Hij had gezegd dat het de grote publiekstrekker van de middag zou
zijn: een rodeo voor senioren, zonder zadel, waarvan de
opbrengst naar een liefdadig doel zou gaan. Connors moeder was niet
erg gecharmeerd van dat 'senioren', maar toen hij weer belde met de
mededeling dat haar oude aartsrivale uit Livingstone, Madeline
'Queenie' MacFall, wel meedeed, had dat de doorslag gegeven.
'Als die talentloze, oude Jezabel met haar hete kont het op haar
zevenenveertigste aankan, dan zweer ik dat ik het zeker kan,' had
ze gezegd.
En niettegenstaande het feit dat ze al vijf jaar niet meer op een
bokkend paard had gezeten en artritis begon te krijgen aan alle
botten die ze in de loop van de jaren had gebroken, zag Connor geen
kans haar ervan te weerhouden.
'Schatje, ik vind het erg lief van je dat je je zorgen maakt,' zei
ze, 'maar het is in zes seconden voorbij.'
'Op welke manier dan ook.'
'Ach, de ene manier om te sneuvelen is net zo goed als de
andere.'
Connor was heimelijk trots op haar. De enige voorwaarde waaraan ze
vasthield was dat ze de naam van het optreden van 'senioren' in
'beroemdheden' veranderden. Even daarvoor, voordat hij naar de
tribune was teruggerend, had Connor haar geholpen bij haar
voorbereidingen. Ze was nog steeds een knappe vrouw, ook al droeg
haar gezicht de rimpels van te veel zon en liep ze een beetje
gebogen vanwege een oude nekblessure. Toen hij haar zo helemaal
opgedoft zag in haar rij-uitrusting, het roze overhemd en de witte
bandana, moest hij denken aan de tijd dat hij nog een jongen was
geweest en hij en zijn vader met haar het circuit hadden afgereisd.
Hij had toen al opgemerkt dat mannen op een speciale manier naar
haar keken. Zij van haar kant had nooit ook maar één blik overgehad
voor een andere man dan zijn vader, voor zijn dood niet en na zijn
dood evenmin.
Toen ze klaar was, stonden ze samen tegen het hek geleund te kijken
hoe Queenie MacFall het wel twee seconden volhield voordat ze in
het zand werd gesmeten. Het ongelofelijke was dat ze wuivend en
glimlachend opstond, met geen enkele andere verwonding dan een rauw
achterste en een gekneusd ego. Zijn moeder had vals gegrijnsd en
haar hoofd geschud.
'Tja, zoals we vroeger zeiden, als vallen in je naam zit, zit het
ook in je aard.'
Nu was het haar beurt.

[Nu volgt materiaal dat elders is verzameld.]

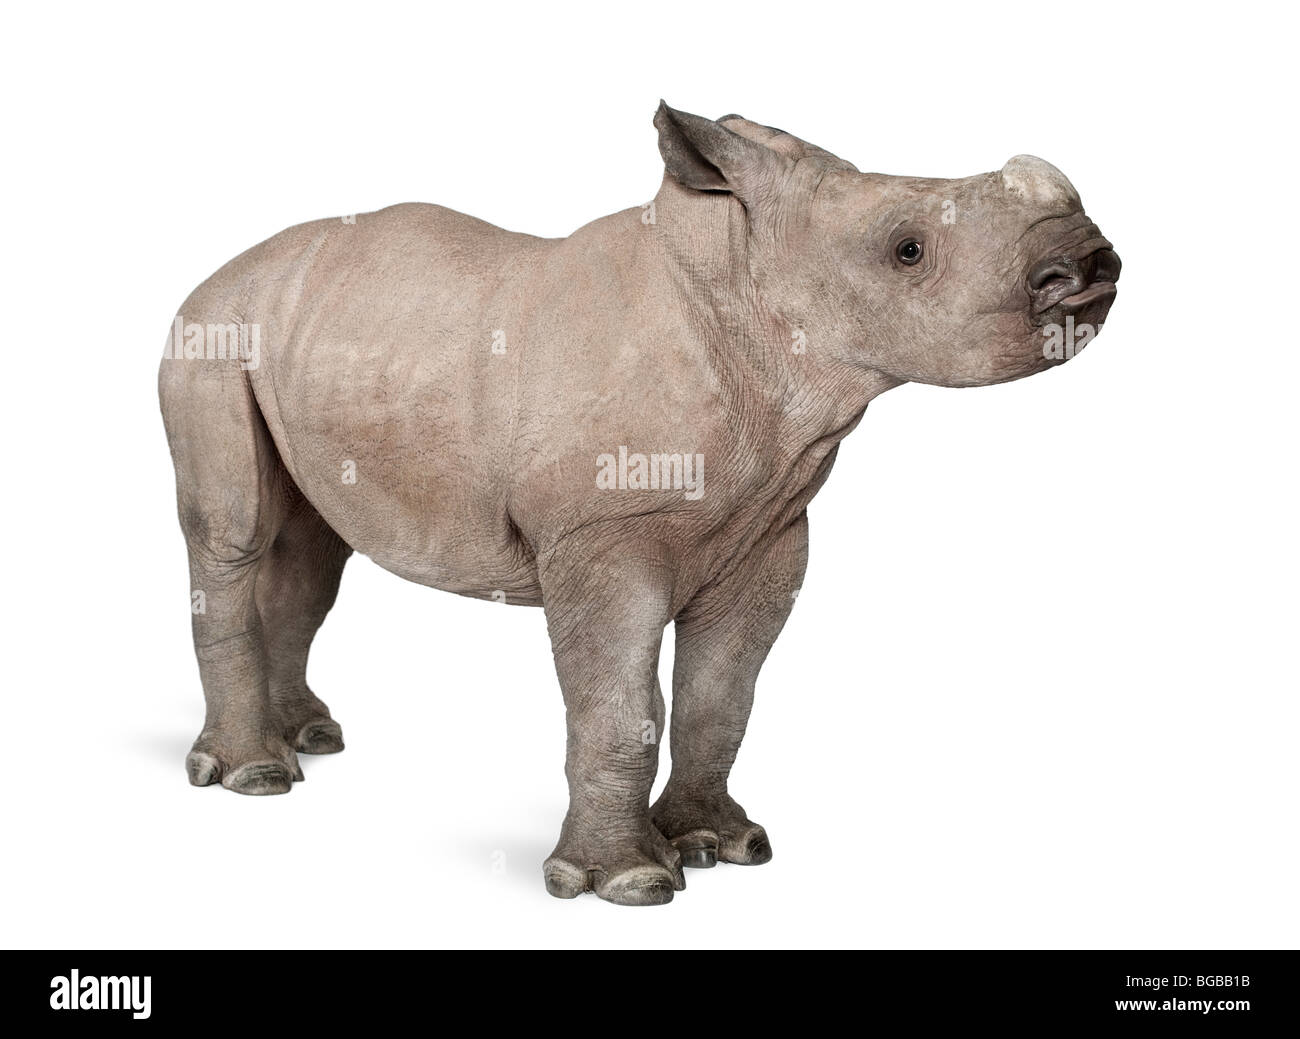 Rinoceronte blanco joven o labios cuadrados, rinoceronte Ceratotherium simum, 2 meses, delante de un fondo blanco. Foto de stock

De geluidsinstallatie klikte en dreunde.
'Nou, mensen, onze volgende ruiter heeft geen introductie nodig,
maar ik doe het toch maar even. We zijn vreselijk vereerd en het is
een groot voorrecht deze middag een van Montana's grootste
rodeosterren aller tijden bij ons te hebben. Uit Augusta,
nummer vijf, de fabelachtige, de onvergelijkelijke, Maggie
Ford!'
'Op zo'n moment zeg je in het theater "en nou even struikelen",'
fluisterde Ed.
'Ed!' Julia gaf een klap op zijn knie.
Hij hield zijn handen omhoog. 'Ik zeg toch niets!'
'Laten we hopen dat het daarbij blijft,' zei Connor. 'Oké, daar
gaan we.'
Het hek ging open en het paard stoof de arena in. Zijn moeder had
hem perfect in bedwang, hield haar laarzen boven de schouders van
het paard toen zijn voorbenen de grond raakten. Ze hield de teugel
in haar linkerhand en streelde met de rechter- als een
balletdanseres de lucht terwijl ze haar benen liet zakken naar de
schoft van het paard, haar tenen sierlijk naar buiten gedraaid.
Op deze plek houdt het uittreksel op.